Au niveau de la jouabilité, on retrouve certains défauts inhérents à la série. Par exemple, il sera toujours impossible de tirer et de marcher en même temps. Cela demeure assez stressant, notamment quand nos amis infectés balancent des grenades ou nous tirent dessus. Heureusement pour nous, une nouveauté fait son apparition, la possibilité de se planquer contre des murs pour pouvoir viser tranquillement. Un peu comme dans Gears of War me direz-vous, mais c’est plutôt une bonne référence non ? On pestera aussi souvent contre son acolyte, surtout quand elle est gérée par l’ordinateur. Avec une forte tendance à tirer sur tout ce qui bouge, même les zombies inutiles, elle gaspille les munitions comme jamais et ne sert pas à grand-chose, d’autant plus que les actions contextuelles avec elle sont peu nombreuses. Les casse-têtes dans le jeu sont assez limités, ne proposant pas de grande réflexion et on sent qu’à ce niveau, tout a baissé. Même le bestiaire semble plus édulcoré qu’auparavant. On aura bien une chauve-souris géante, une araignée géante ou encore un monstre marin, mais tout cela reste beaucoup moins gore qu’auparavant, ou tout du moins, moins dérangeant. Bref, si tout n’est pas si dégueulasse, le jeu reste tout de même un poil décevant.
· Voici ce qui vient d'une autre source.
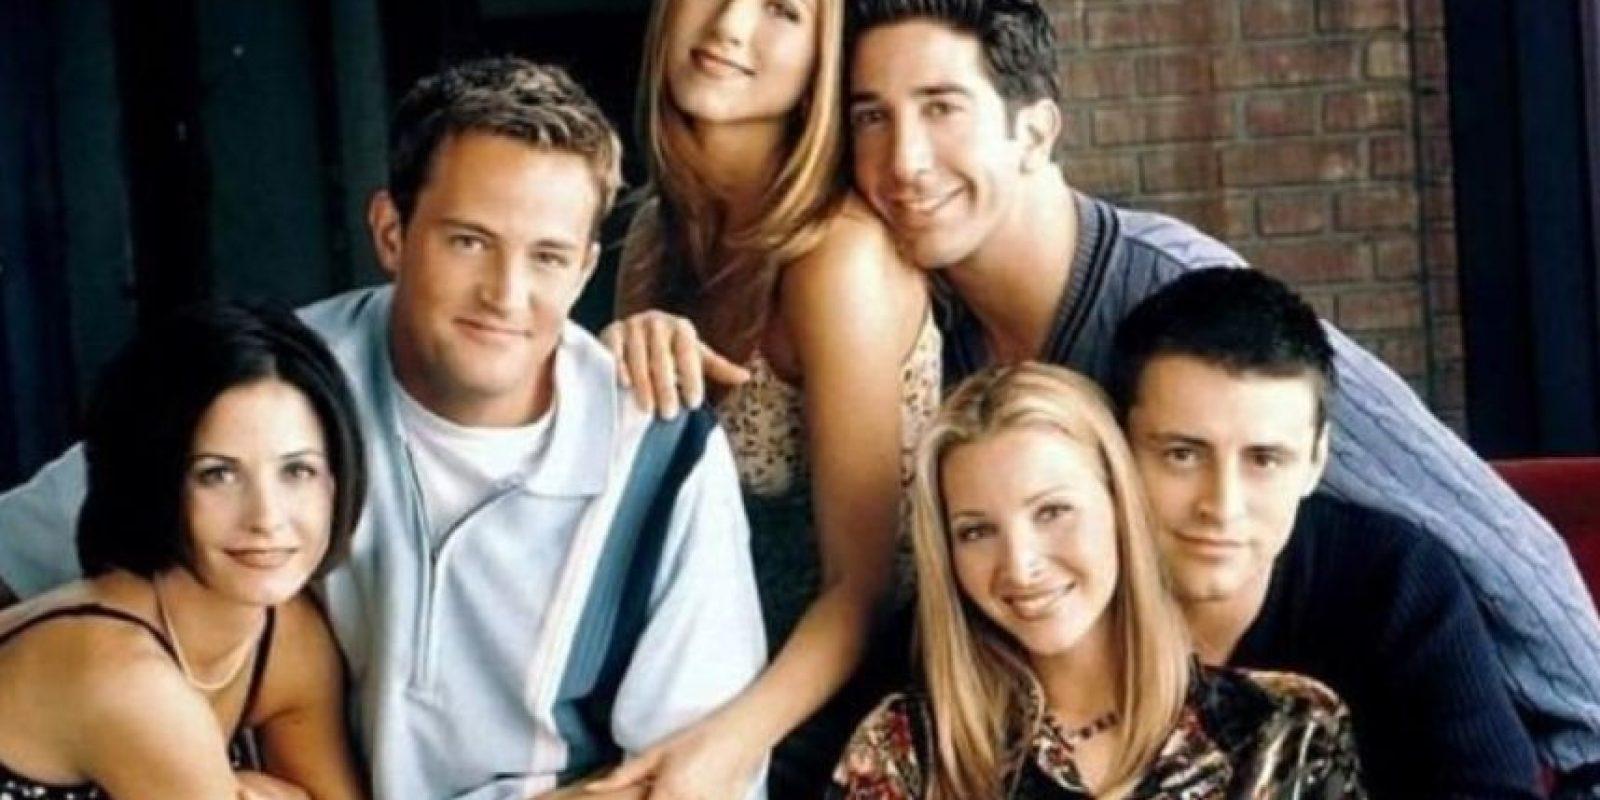 """Friends""Se emitió por primera vez el 22 de septiembre de 1994 por la cadena NBC. Foto:Vía Twitter/@HookedonFriends"

Au final, Resident Evil 5 montre un changement de cap qui peut tromper le joueur dans ses attentes, surtout pour les aficionados de la série. S’éloignant vraiment du Survival Horror pour proposer un titre exclusivement action, le jeu se perd un peu dans sa ligne conductrice et c’est bien dommage. Néanmoins, il demeure divertissant et agréable et propose une durée de vie assez honnête. Sans être dénué d’intérêt, Resident Evil 5 reste quand même le plus décevant de la saga.